There are also simpler, more practical content changes. Pages that answer common questions directly, use plain language, avoid jargon, and clearly explain what your organization does — and why it matters — are far more likely to be understood by AI systems. Content that gets to the point, rather than burying the answer several paragraphs in, tends to perform better in this new environment.
That said, nonprofits should not expect miracles. Even with a disciplined focus on AEO, the chances of appearing regularly in Google’s AI Overviews or being cited as a named source by tools like ChatGPT remain slim for most organizations. The bar is high, competition is intense, and these systems tend to rely on a relatively small set of highly authoritative sources.
So does AEO still matter? Yes — because clarity still matters. Even when your organization isn’t explicitly cited, AI systems may still draw on the ideas, explanations, and framing found on nonprofit websites. AEO-aligned content also tends to be clearer for human readers, journalists, partners, and donors, and it strengthens the foundation for traditional SEO, accessibility, and trust.
Paid Search Still Matters for Nonprofits — Maybe More Than Ever
With so much attention focused on AI Overviews and large language models, it’s easy to assume that search engine marketing is becoming less relevant. In reality, the opposite may be true — at least for fundraising.
Despite the disruption to organic search, paid search remains one of the few reliable ways to place your organization directly in front of donors at moments of clear intent.

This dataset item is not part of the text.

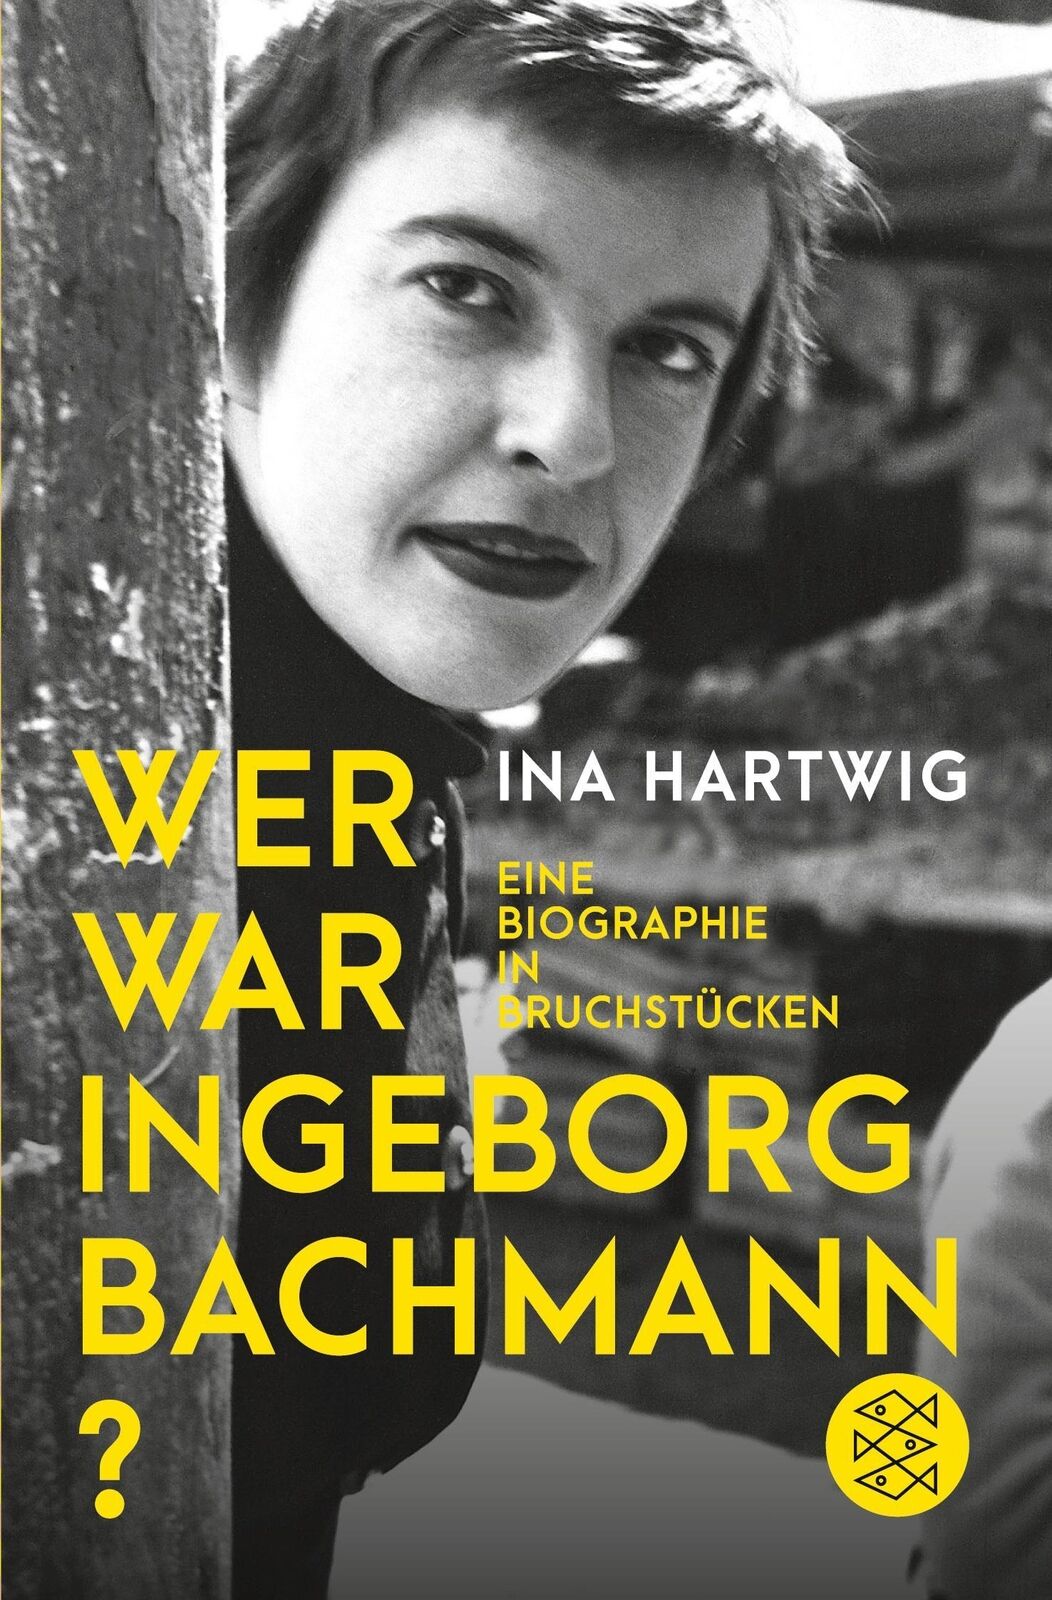 Ina Hartwig

Sponsored search ads often appear above or alongside AI-generated summaries, providing a direct path to your website when someone is ready to act.

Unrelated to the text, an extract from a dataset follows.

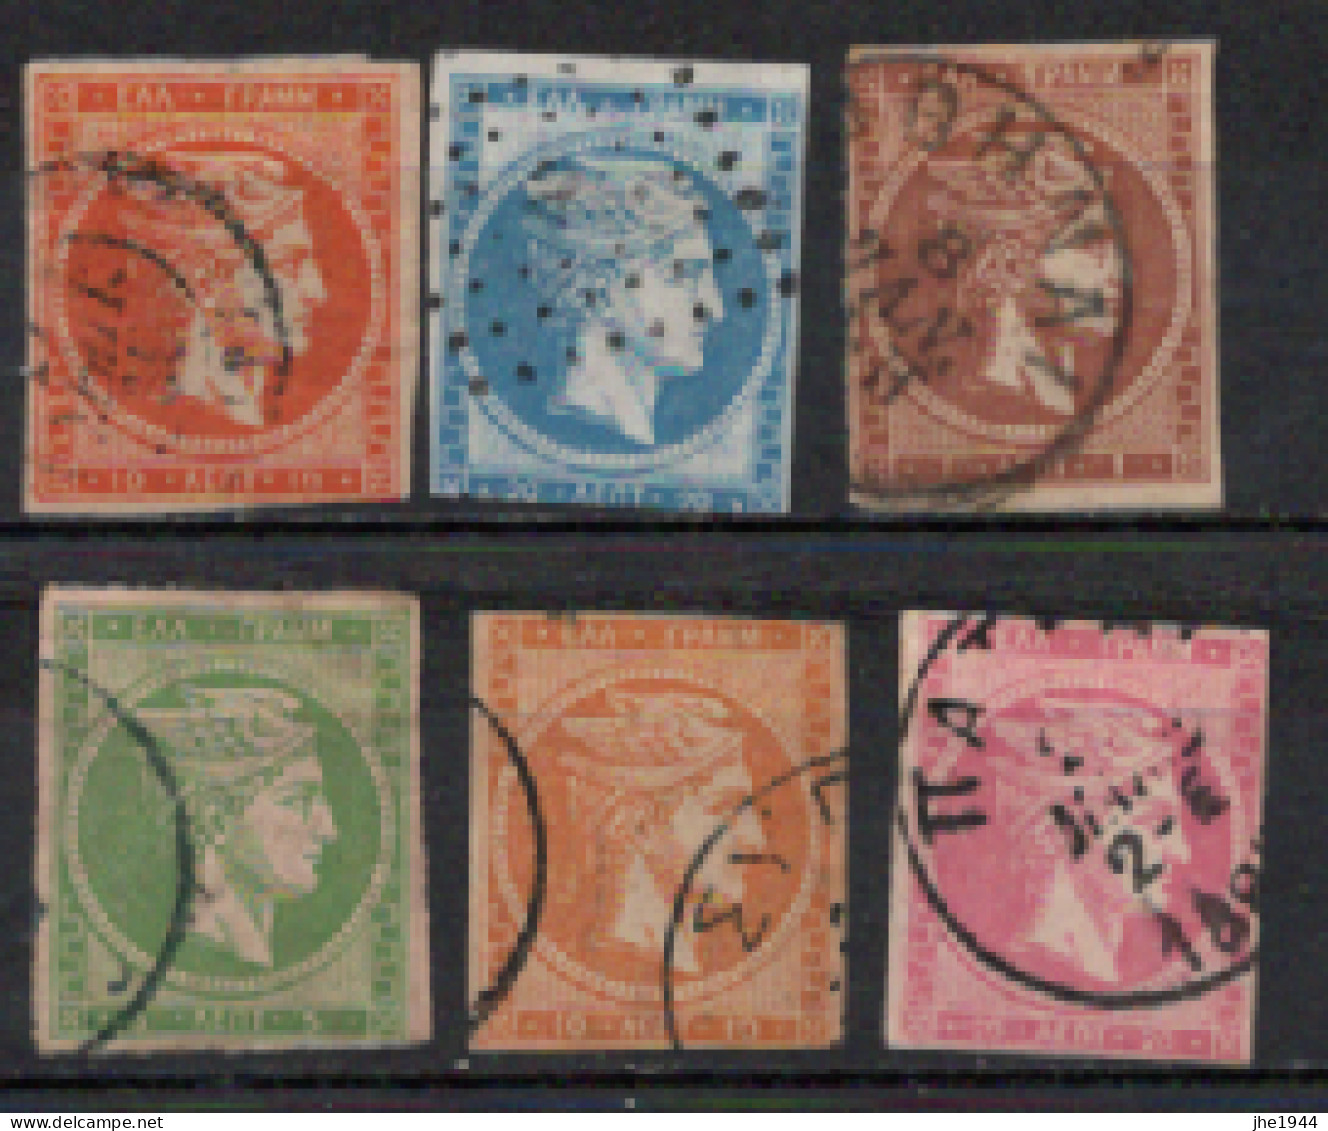 Grece N° 0044 à 51 Ensemble 6 Valeurs Oblitérées (voir Détail) - Used Stamps

This is especially true for high-intent fundraising queries — searches that include words like “donate,” “give,” or “support.” While AI tools can explain a cause or summarize options, they don’t complete transactions. When donors are ready to take action, paid search remains a powerful and predictable bridge between intent and impact.
Search engine marketing itself is also evolving. The platforms nonprofits rely on are increasingly powered by AI, from bidding strategies and audience targeting to creative optimization and performance forecasting. These tools are not a cure-all, but when used thoughtfully, they can make campaigns more efficient. The fundamentals still matter: strong landing pages, clear messaging, and disciplined budgets.
AI Is the Future … But So Are You
Search alone can’t carry the weight of a modern digital fundraising program. As the landscape becomes more unpredictable, diversification matters more than ever. Strong email programs continue to be a stabilizing force, providing nonprofits with a direct line to supporters that no algorithm can take away. Social fundraising is also showing renewed promise for some organizations, in part due to AI-driven tools that are improving targeting and performance.
Newer channels are gaining traction as well. SMS fundraising, once viewed as niche or experimental, is increasingly proving its value as a complementary channel — particularly for urgency-driven appeals and time-sensitive campaigns. Not every channel will be right for every organization, but the broader lesson is clear: resilience comes from balance, not dependence on any single platform.
It’s also worth noting an important reality that often gets lost amid the disruption: digital revenue is still growing for many nonprofits. The path to that revenue may be less straightforward, attribution may be messier, and tactics may require more frequent adjustment — but the overall trajectory remains positive. AI has complicated digital fundraising, but it has certainly not broken it.
The challenge for fundraisers isn’t to predict the future perfectly. It’s to stay engaged, stay curious, and stay adaptable. The pace of change may feel daunting, but it has always rewarded organizations willing to test and adjust rather than retreat. In an AI-shaped fundraising landscape, that mindset matters more than ever.